• Exercise description: Only the lines from the one with "Perceeloppervlakte Cornelis Edelmanstraat" through the end of the material are wanted, copied exactly and with the pictures left out.

• Data segment:
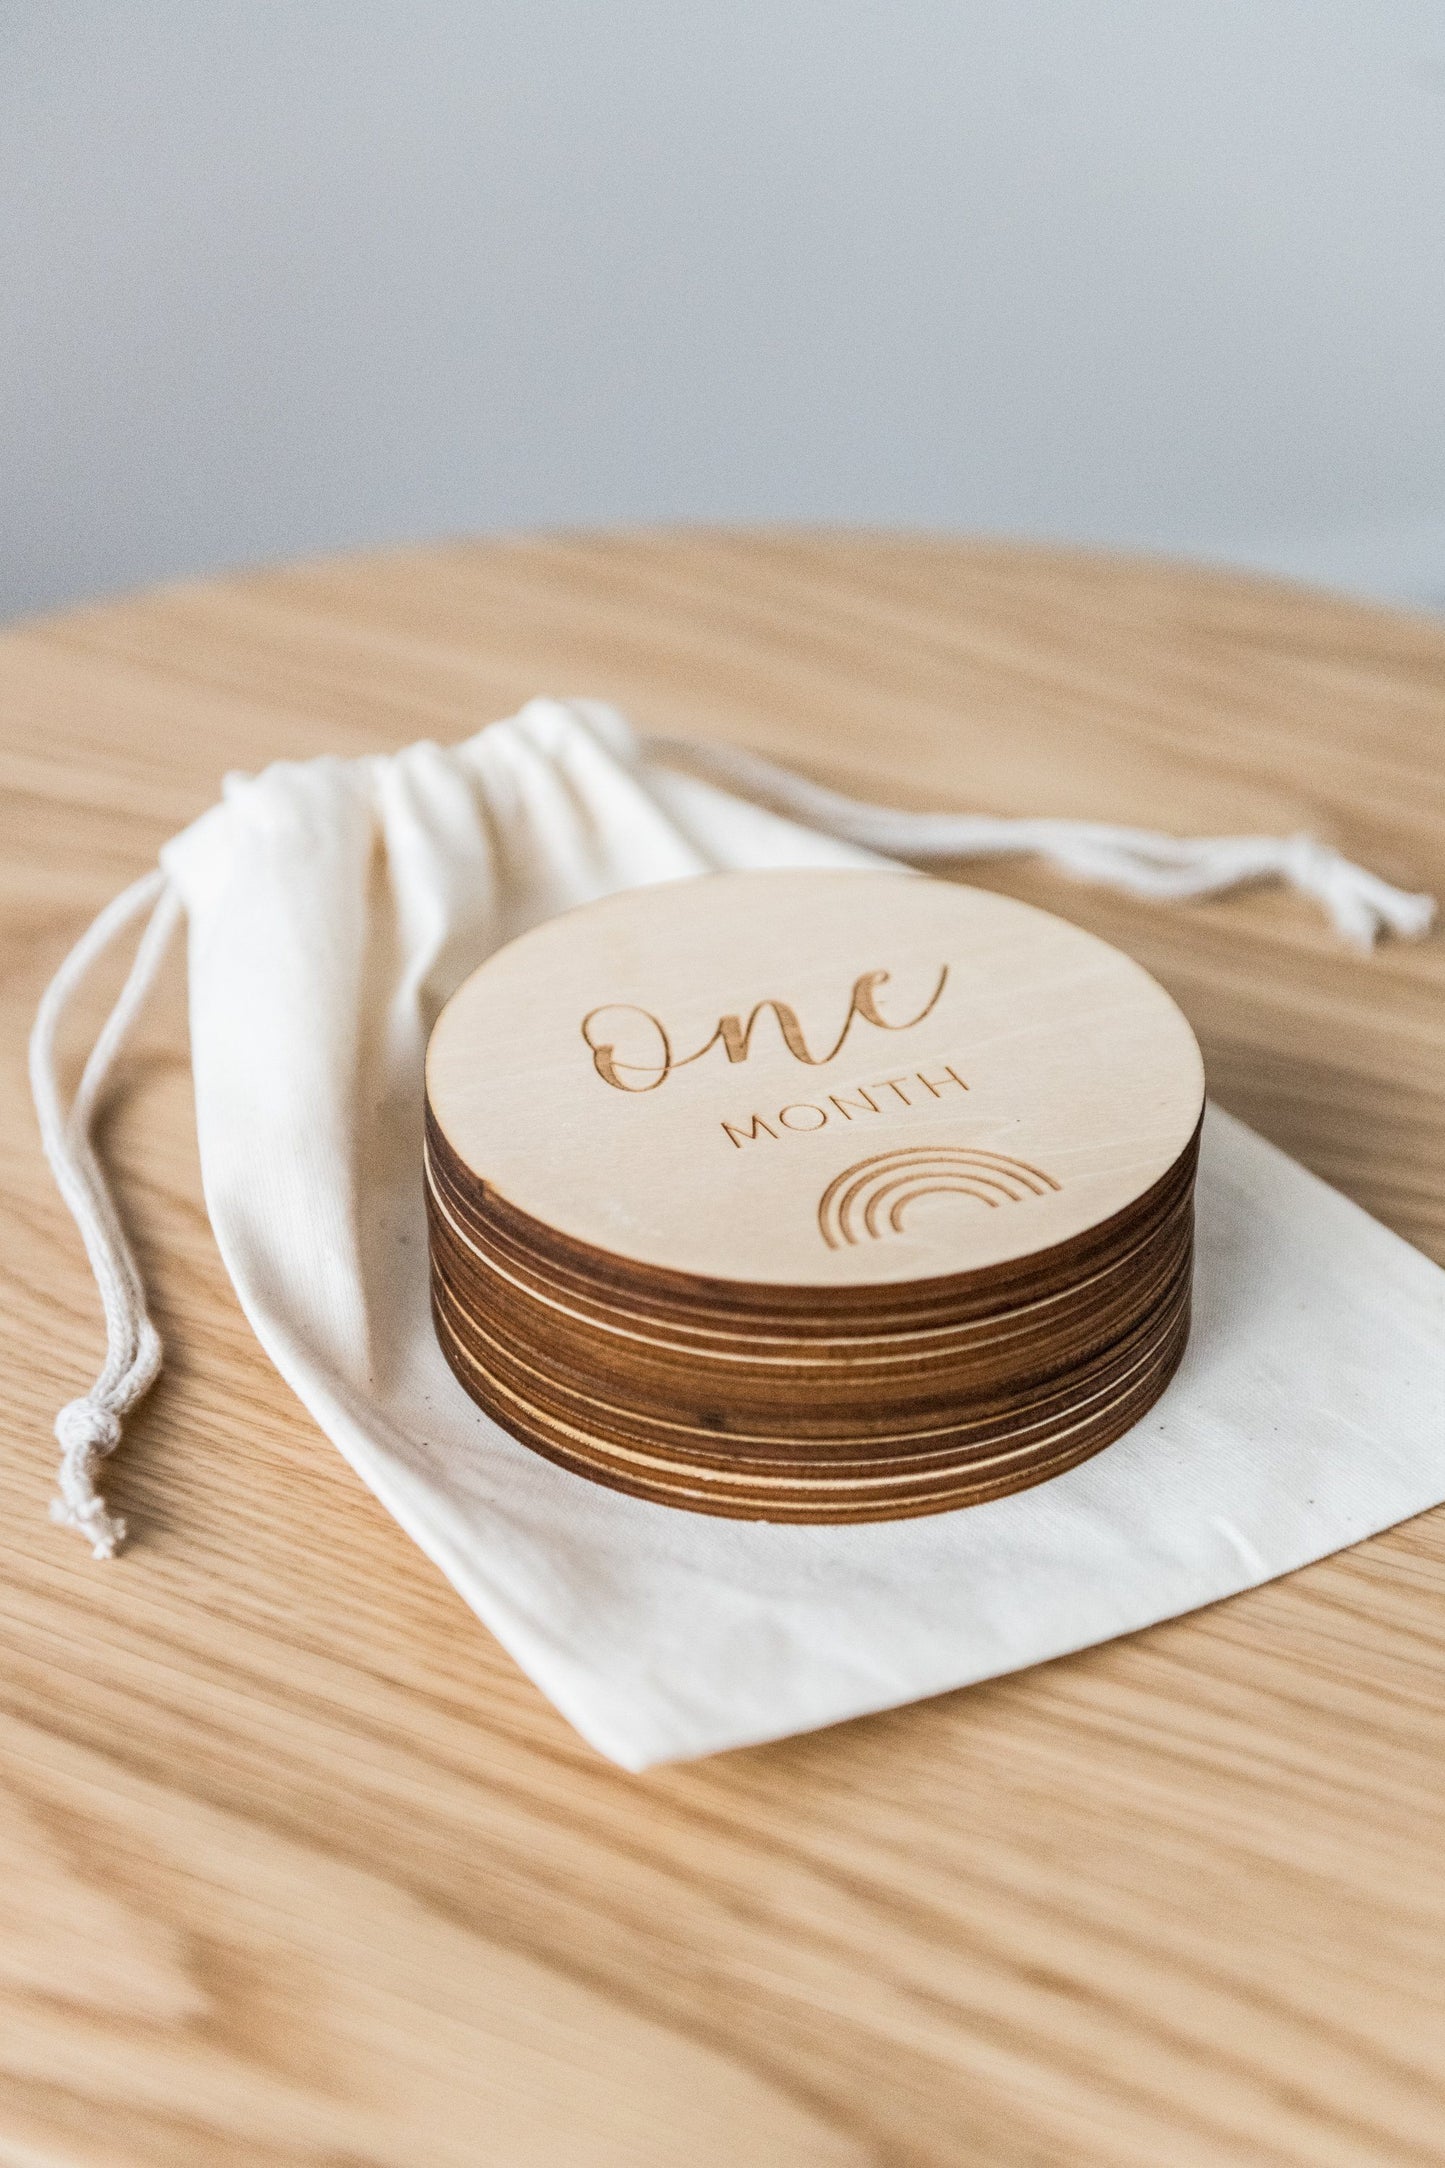 Wooden Milestone Discs - Monthly
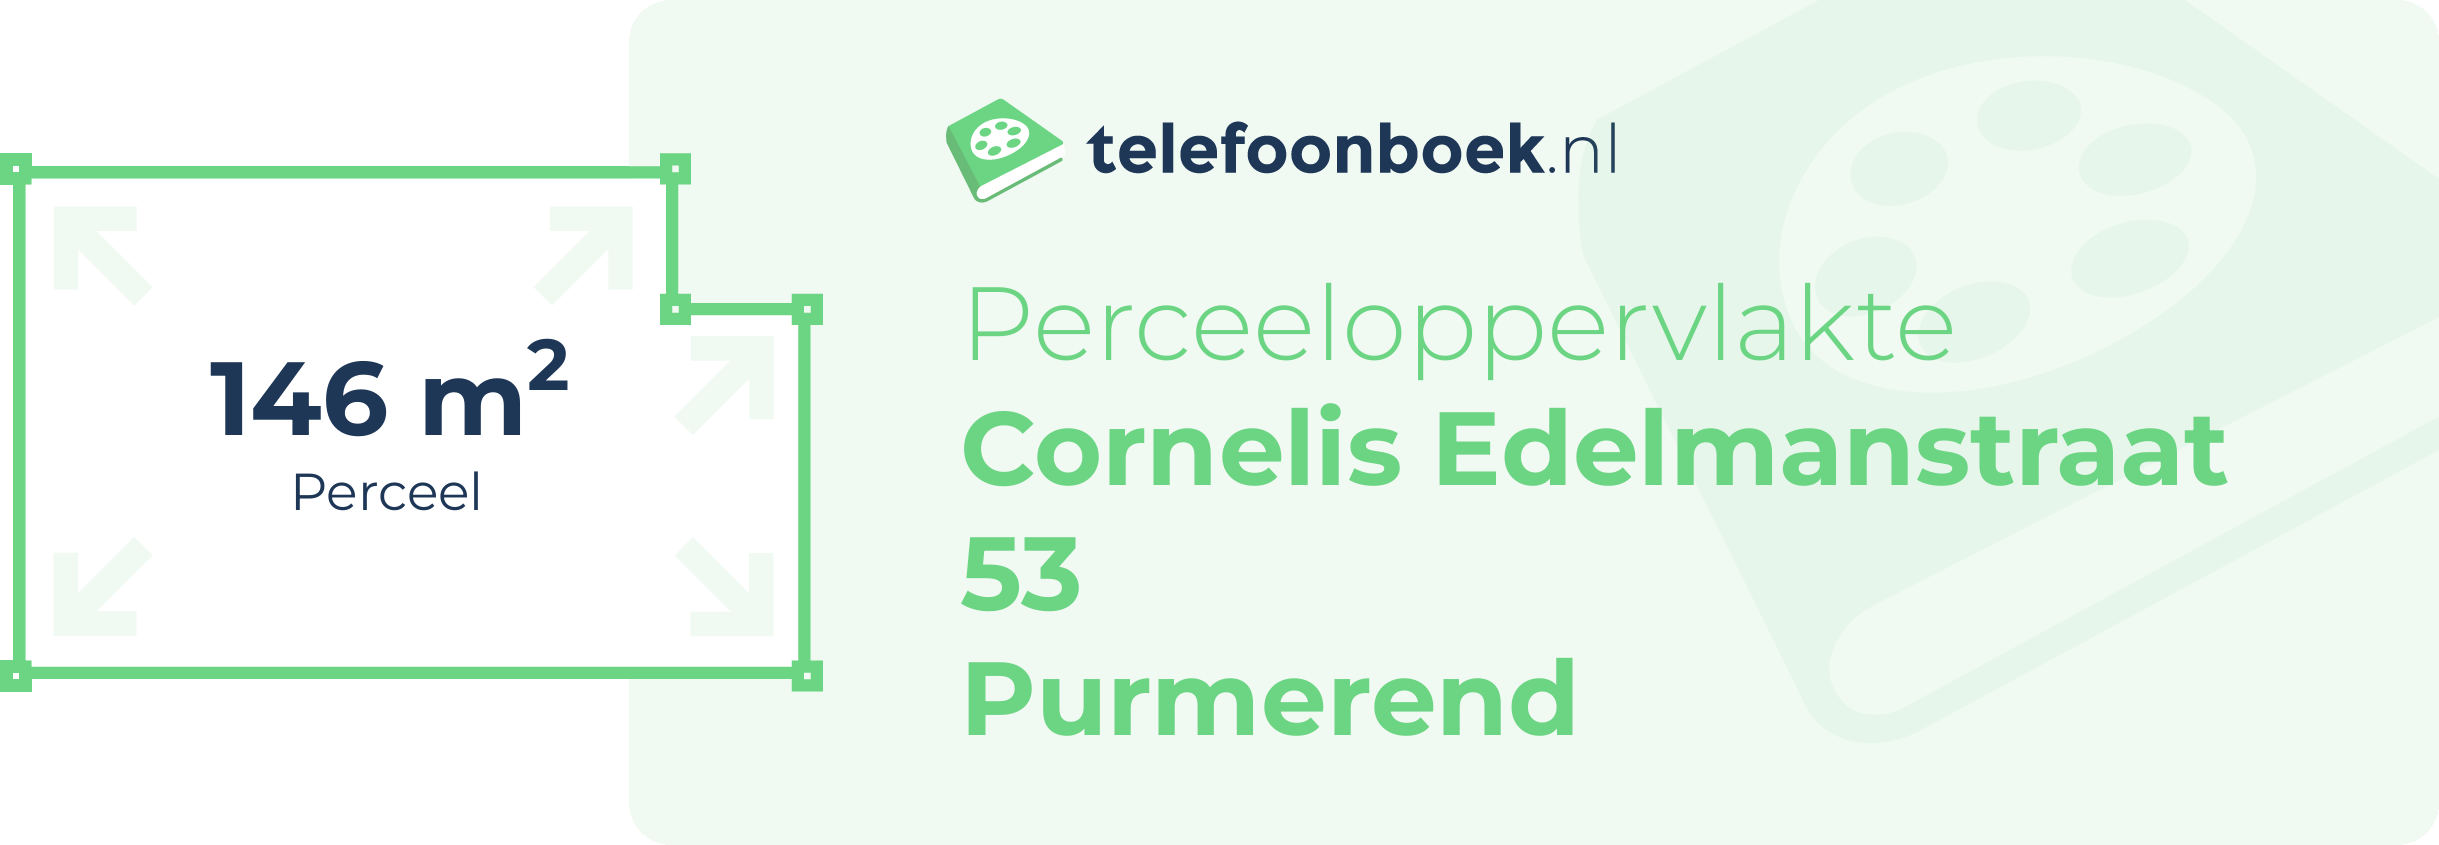 Perceeloppervlakte Cornelis Edelmanstraat 53 Purmerend
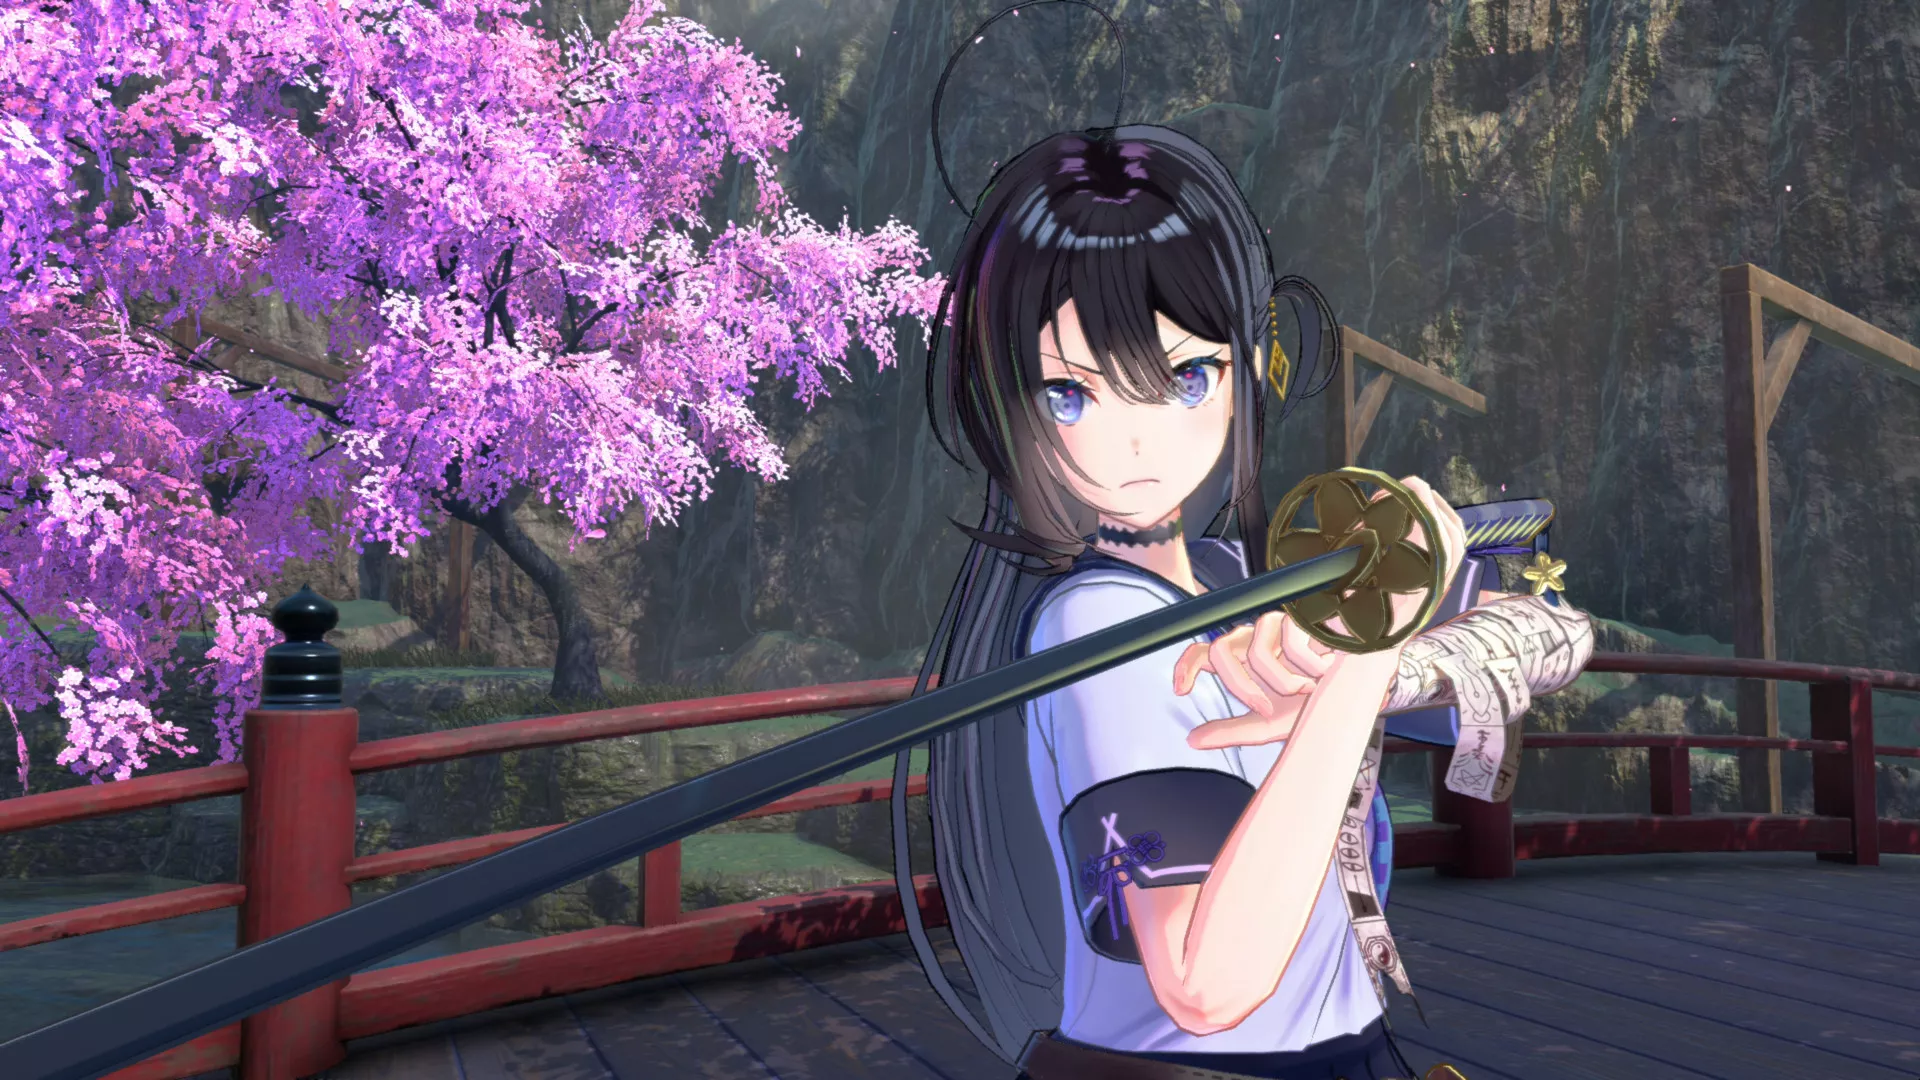 Samurai Maiden: Samurais waren grundsätzlich hübsche Mädchen und haben mit ihrer Kleidung heutige Schuluniformen beeinflusst  Heropic

• Solution:
 Perceeloppervlakte Cornelis Edelmanstraat 53 Purmerend
 Samurai Maiden: Samurais waren grundsätzlich hübsche Mädchen und haben mit ihrer Kleidung heutige Schuluniformen beeinflusst  Heropic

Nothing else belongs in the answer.